In short, each startup will need to focus on its own specific success indicators. As long as each metric is defined correctly and measured against, you’ll be on the right track.
But for your teams to hit those metrics, they need to be equipped with the right tools to do so…
Give your teams the right tools for the job
In a post-COVID world, teamwork has changed for, what I believe is, the better.
Remember the old model:
- A team gets together in a meeting room (or Zoom) to solve a problem.
- The loudest people in the room blurt out their ideas.
- Ideas are assessed on confidence and volume, not validity or quality.
- The loudest idea wins, not the best idea.
Here’s how modern high-performing team model works:
- Rather than a meeting, everyone comes together on a tool like Slack, Teams, Docs, Figma, etc. (You pick the stack that works for you.)
- The collaborative nature of these tools gives everyone an equal voice (at an equal volume).
- It makes the whole team stop and consider what everyone else is saying, then respond.
- This model selects for the best idea, not the loudest.
You see, collaboration tools are changing the way we work for the better.
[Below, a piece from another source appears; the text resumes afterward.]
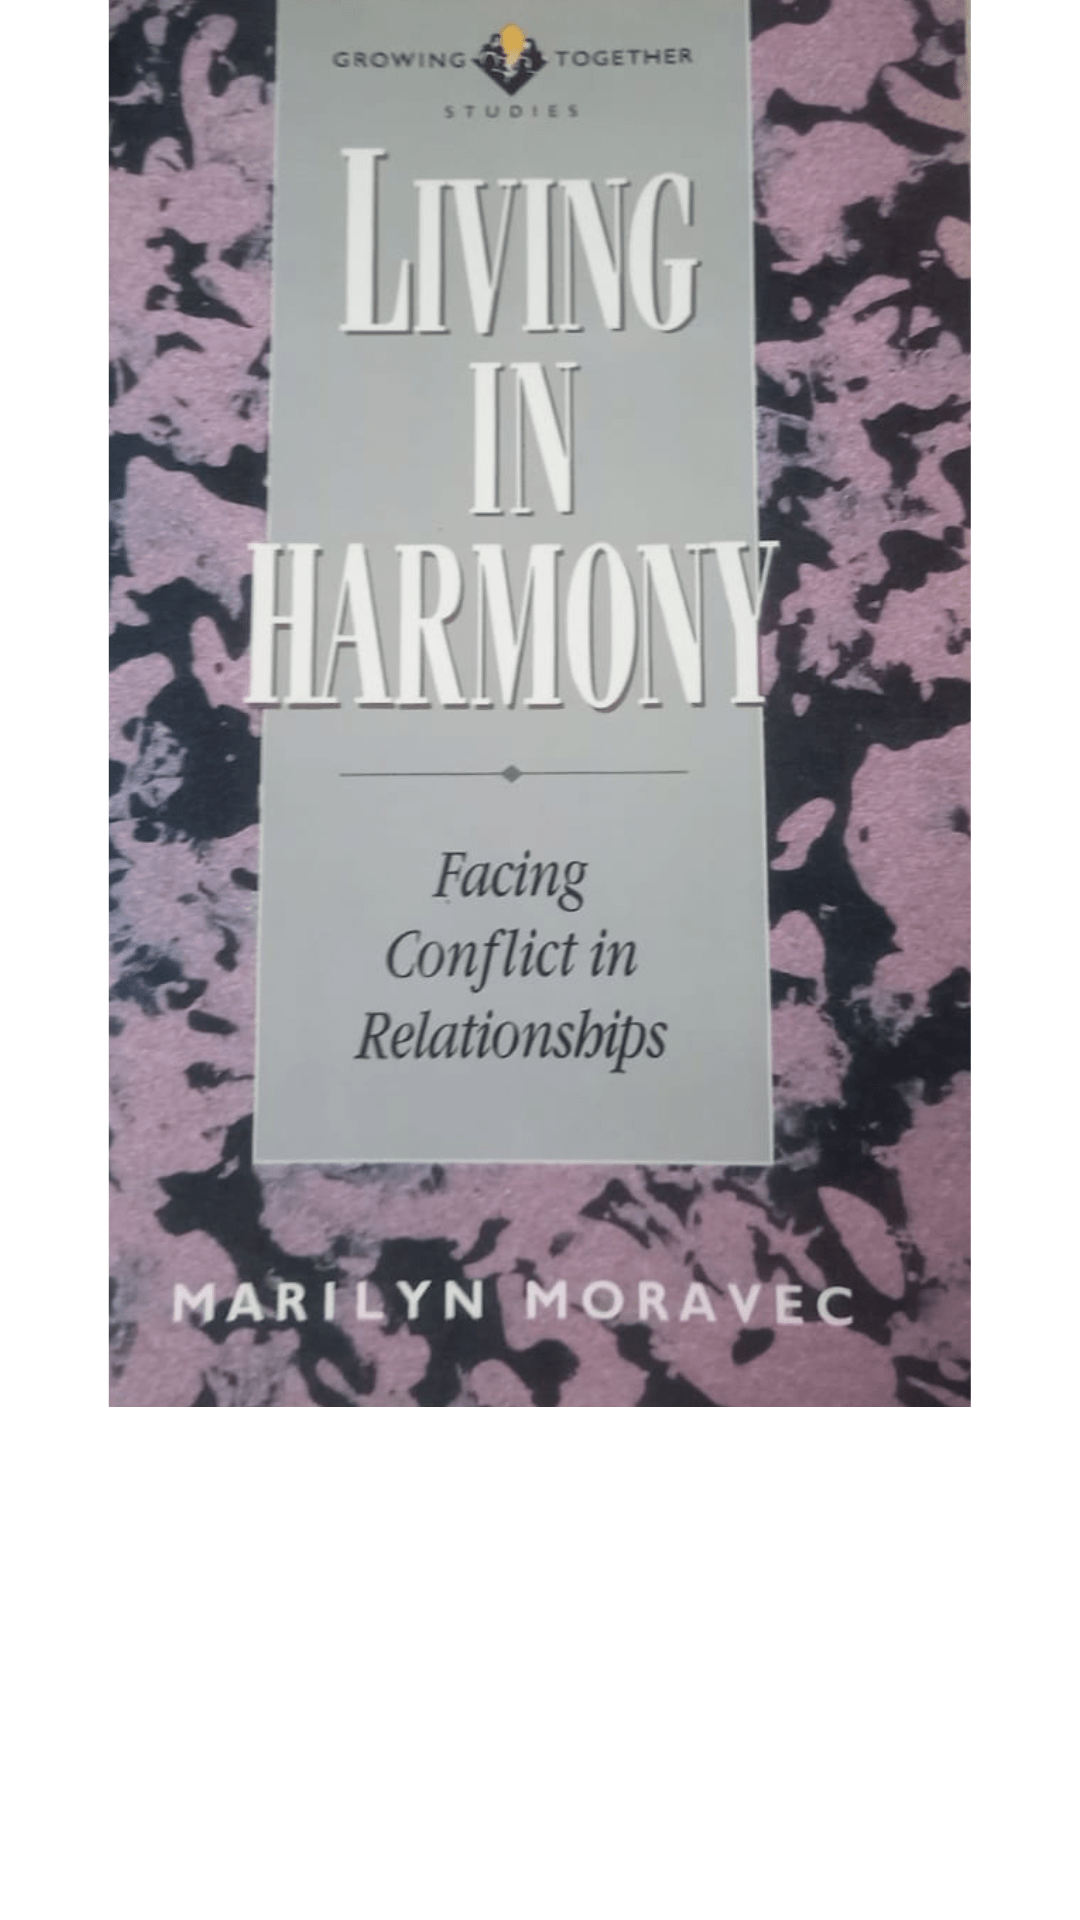 Living in Harmony: Facing Conflict in Relationships

And as a startup with a shorter runway and limited resources, getting to the best ideas faster than the competition can be one of your biggest advantages. It’s why embracing collaboration tools and working in new, more effective ways is so important.
Process is the engine of high-performance
Whether you’re building a full-time team or bringing in an external one, putting in place a process that communicates your purpose, measures progress, and empowers teams to do their best work will set you up to thrive going forward.
So when one of your people does have a bad day or week or month (because people do!), you’ve got a process that manages the “people issues”– you understand why it’s happening, what impact it’s happening, and how to manage it.
And when everything’s going good, every person is working towards your startup vision in lockstep.